## The task
You are asked to reproduce the listing exactly and to omit its pictures.

## Supplied data
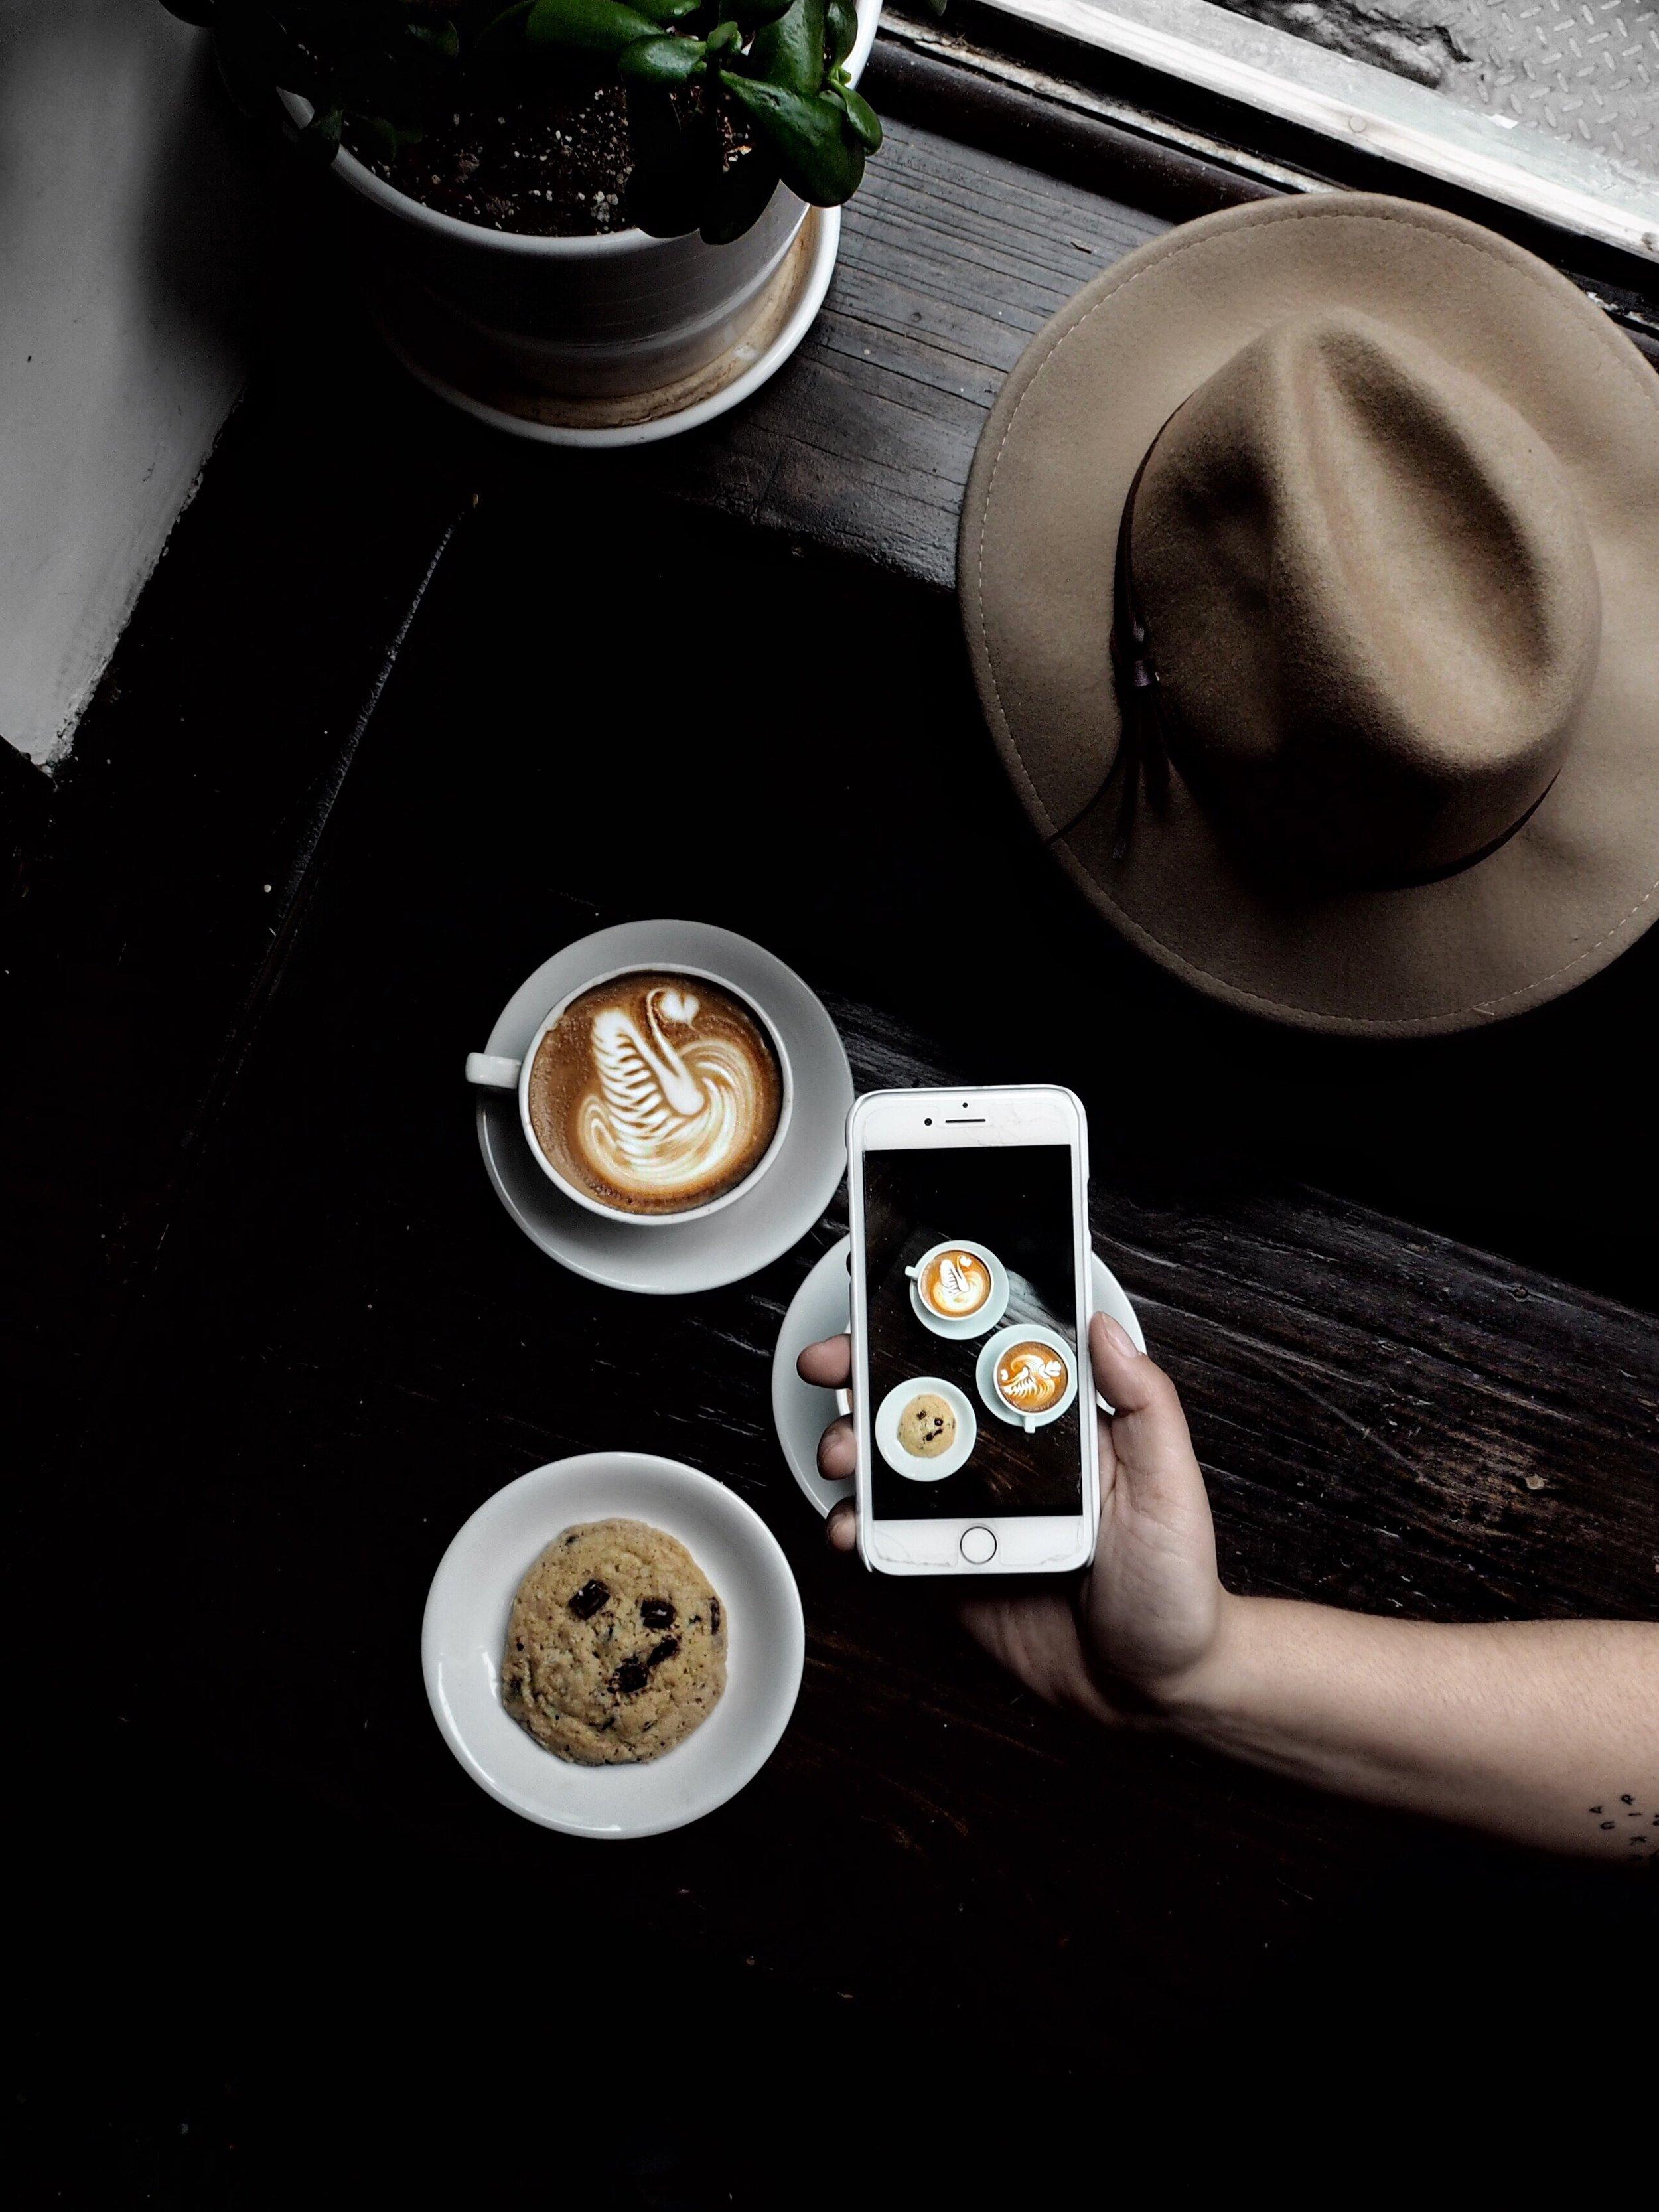 ludlow-coffee-supply-newyork
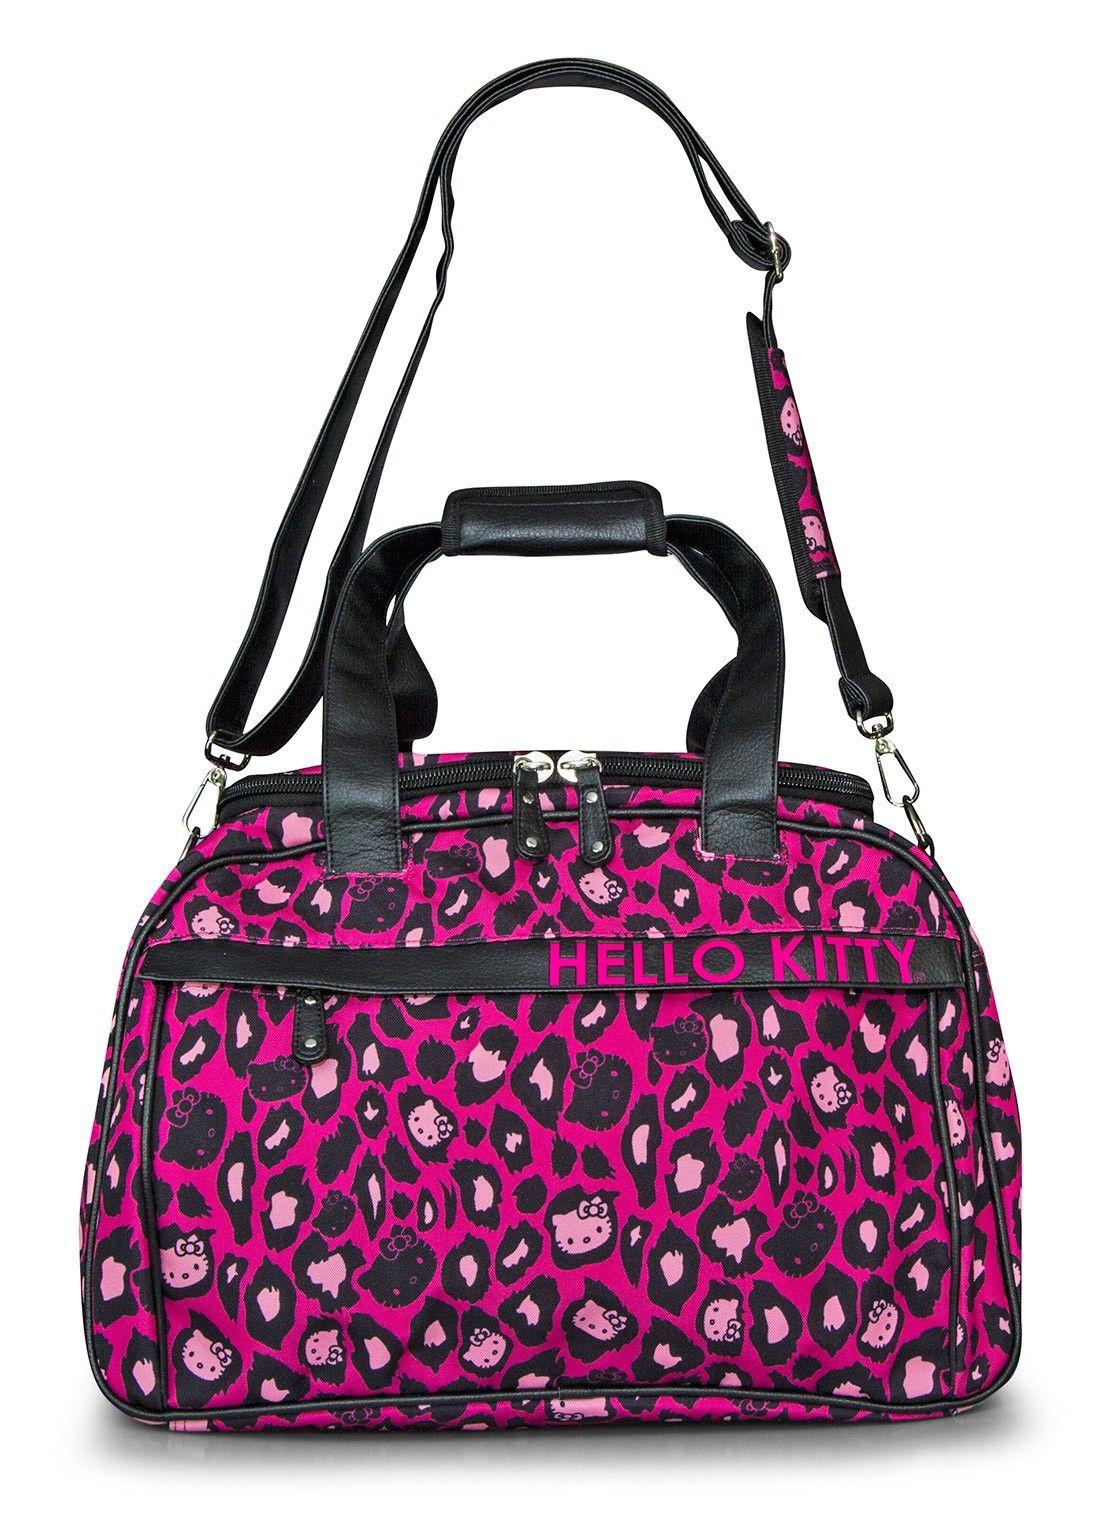 5211b1c5cf Hello Kitty Pink Leopard Print Duffle - Travel Bags Luggage - Bags ...
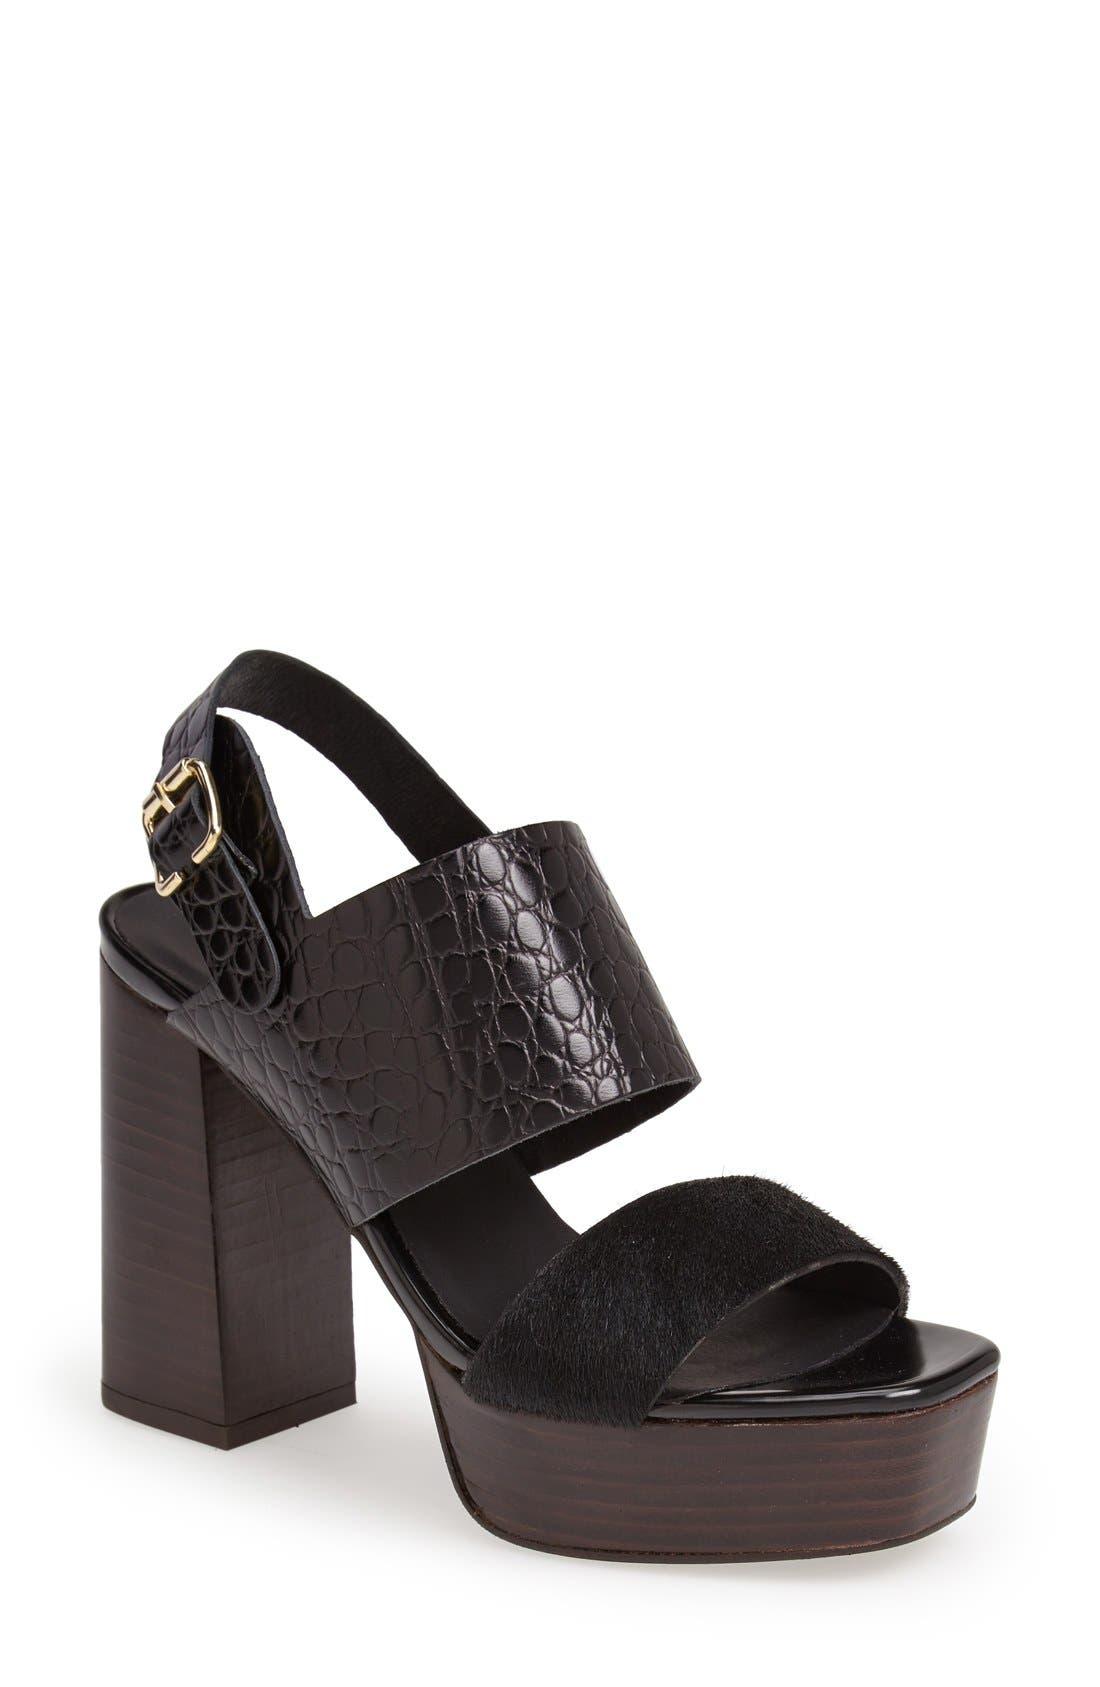 Main Image - Topshop 'Lime' Platform Sandal (Women)
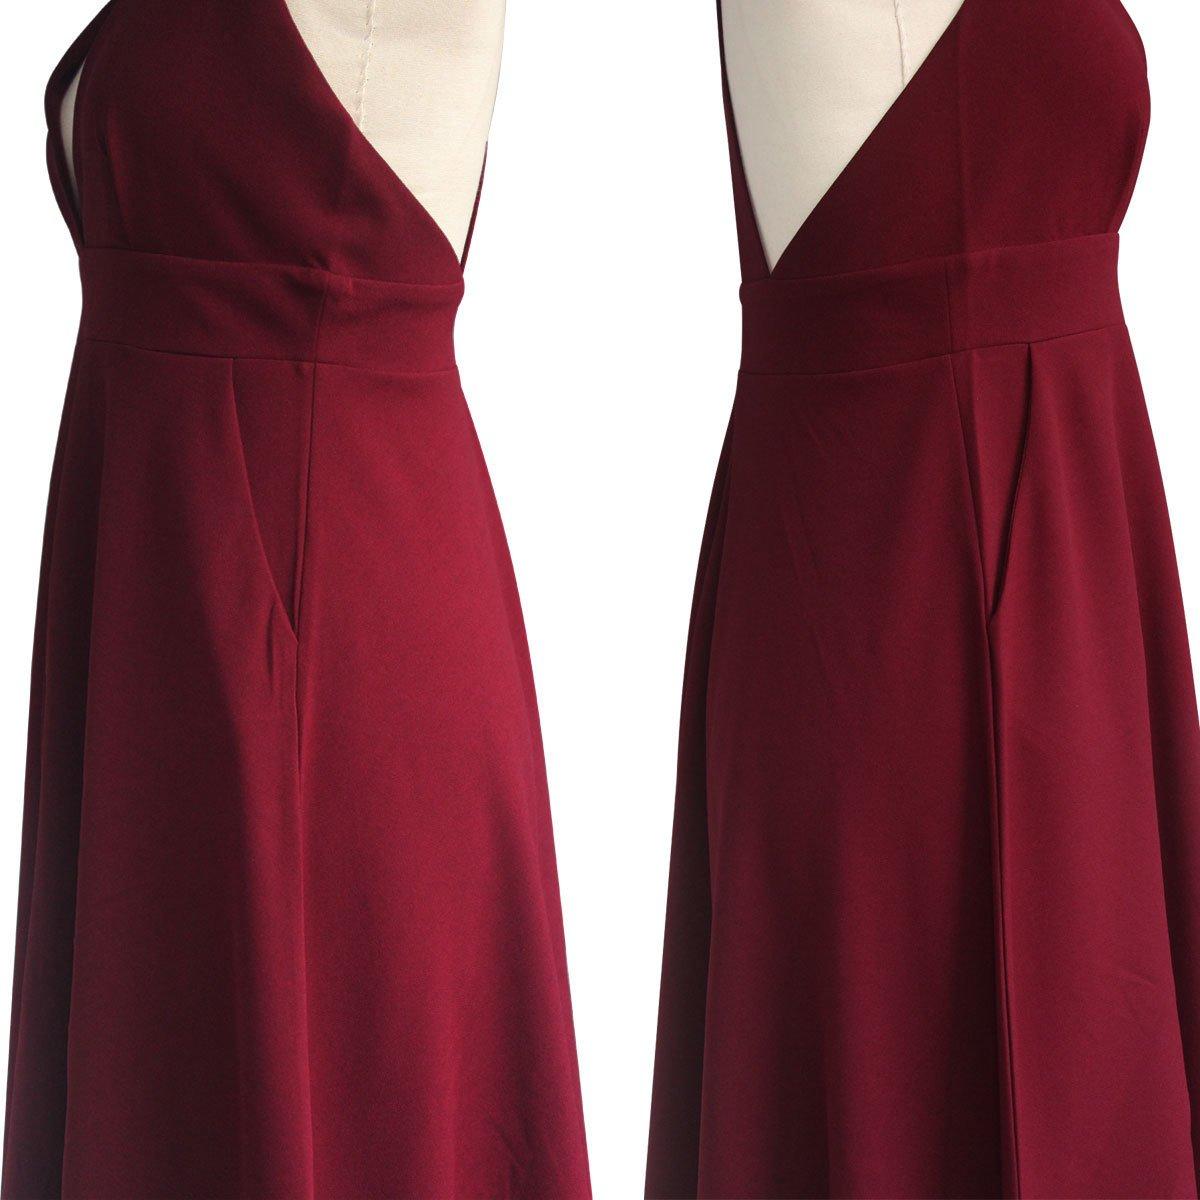 Summer Women's A-Line Sleeveless Deep V-Neck MIDI Dress (M, Burgandy) by YOOHOG (Image #8)

## Answer below
 ludlow-coffee-supply-newyork
 5211b1c5cf Hello Kitty Pink Leopard Print Duffle - Travel Bags Luggage - Bags ...
 Main Image - Topshop 'Lime' Platform Sandal (Women)
 Summer Women's A-Line Sleeveless Deep V-Neck MIDI Dress (M, Burgandy) by YOOHOG (Image #8)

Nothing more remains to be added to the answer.